### Exercise description
Only one stretch of the data below is wanted: the lines starting at the one with "Iphone 8 App Mockup Psd" and ending at the one with "Maison Martin Margiela", both included, given again exactly.

### Record excerpts
►
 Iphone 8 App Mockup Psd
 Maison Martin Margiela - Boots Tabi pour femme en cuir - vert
◄
►
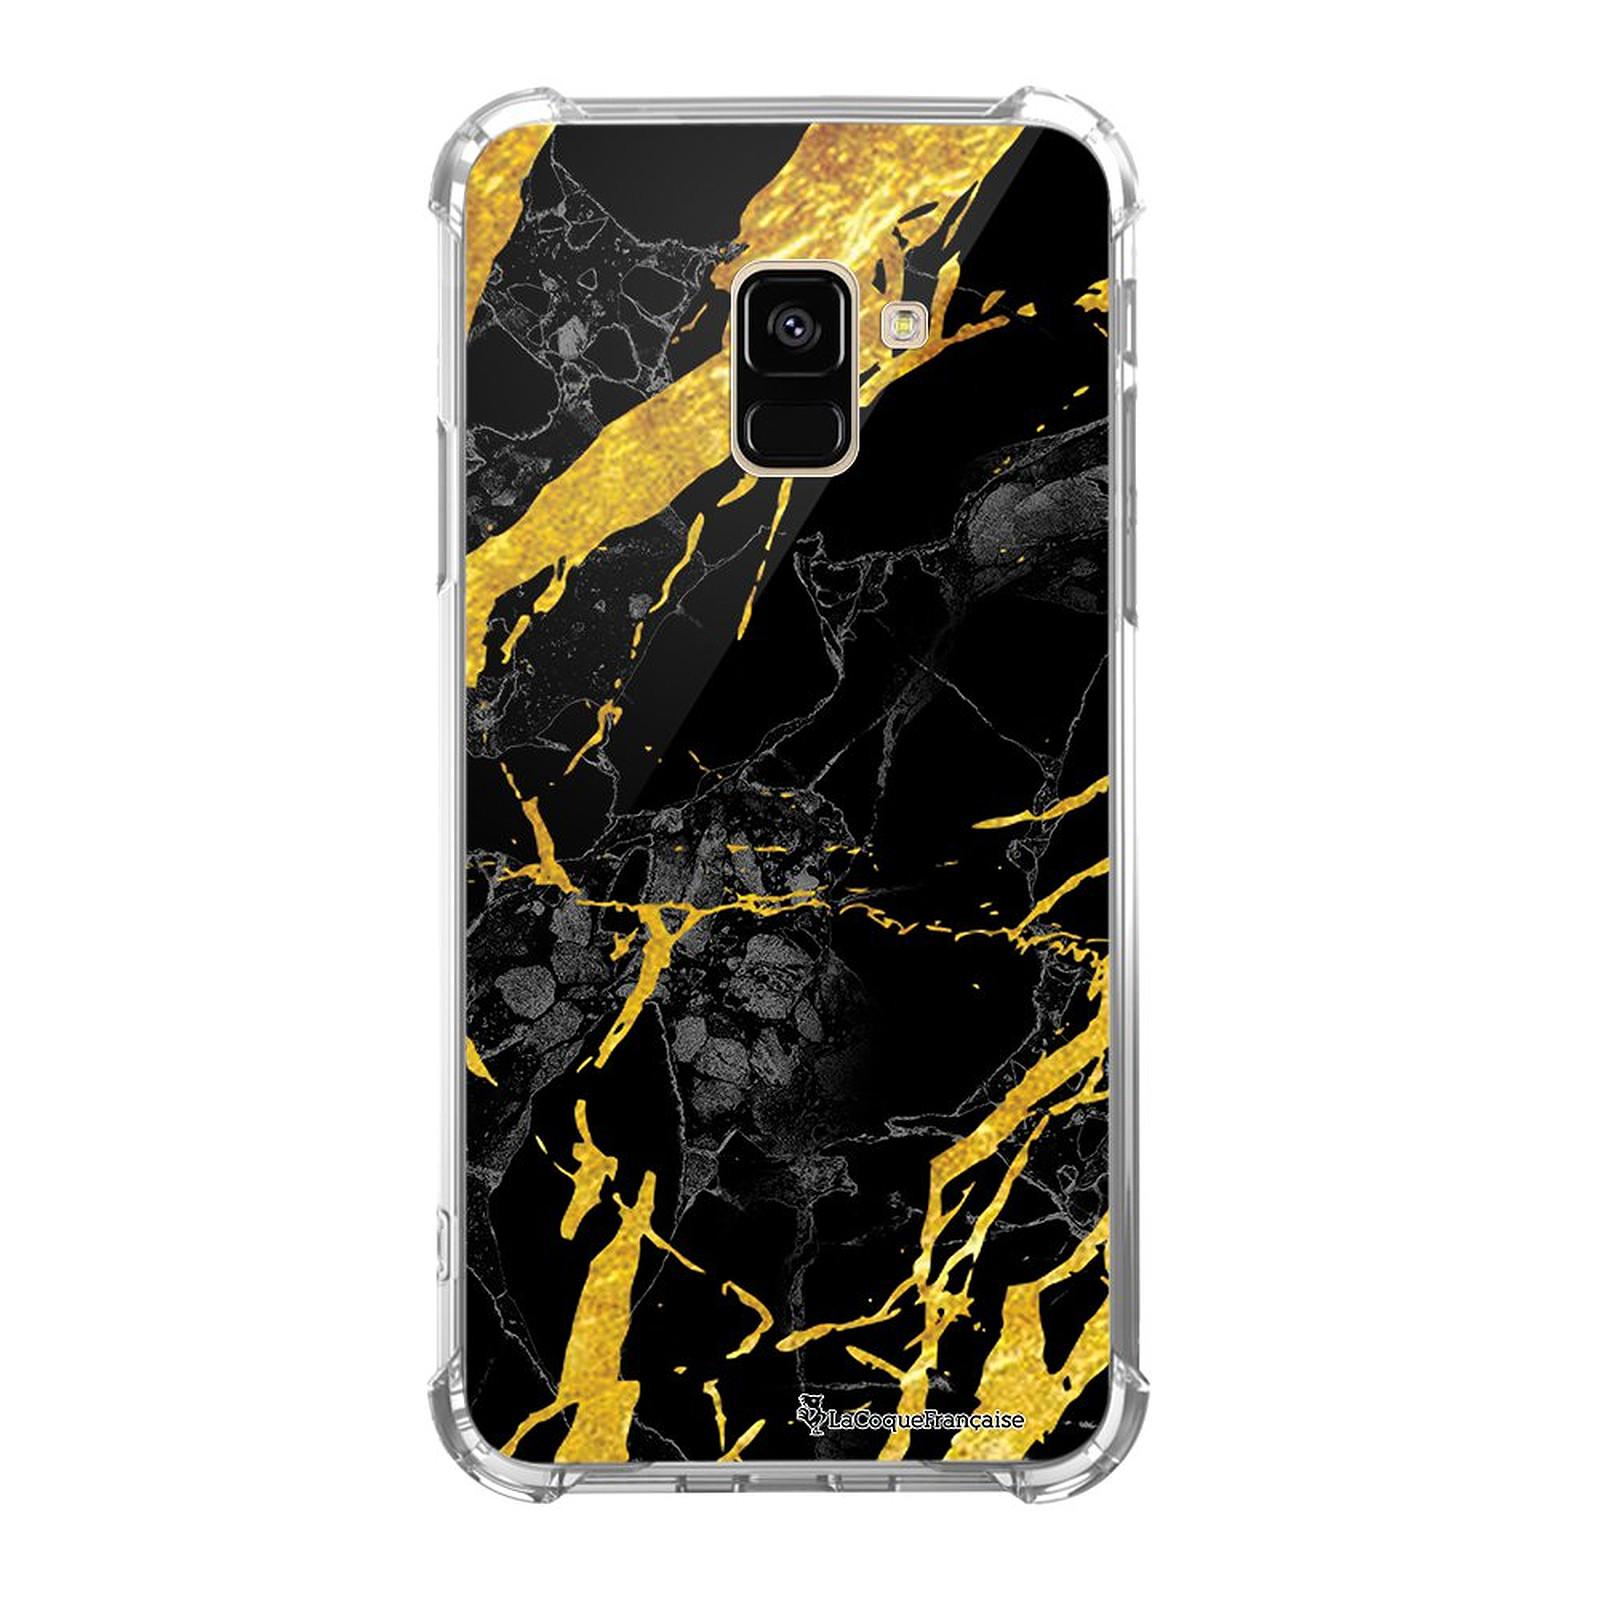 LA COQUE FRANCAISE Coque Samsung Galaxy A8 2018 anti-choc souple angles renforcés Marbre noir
◄
### Response to this exercise
 Iphone 8 App Mockup Psd
 Maison Martin Margiela - Boots Tabi pour femme en cuir - vert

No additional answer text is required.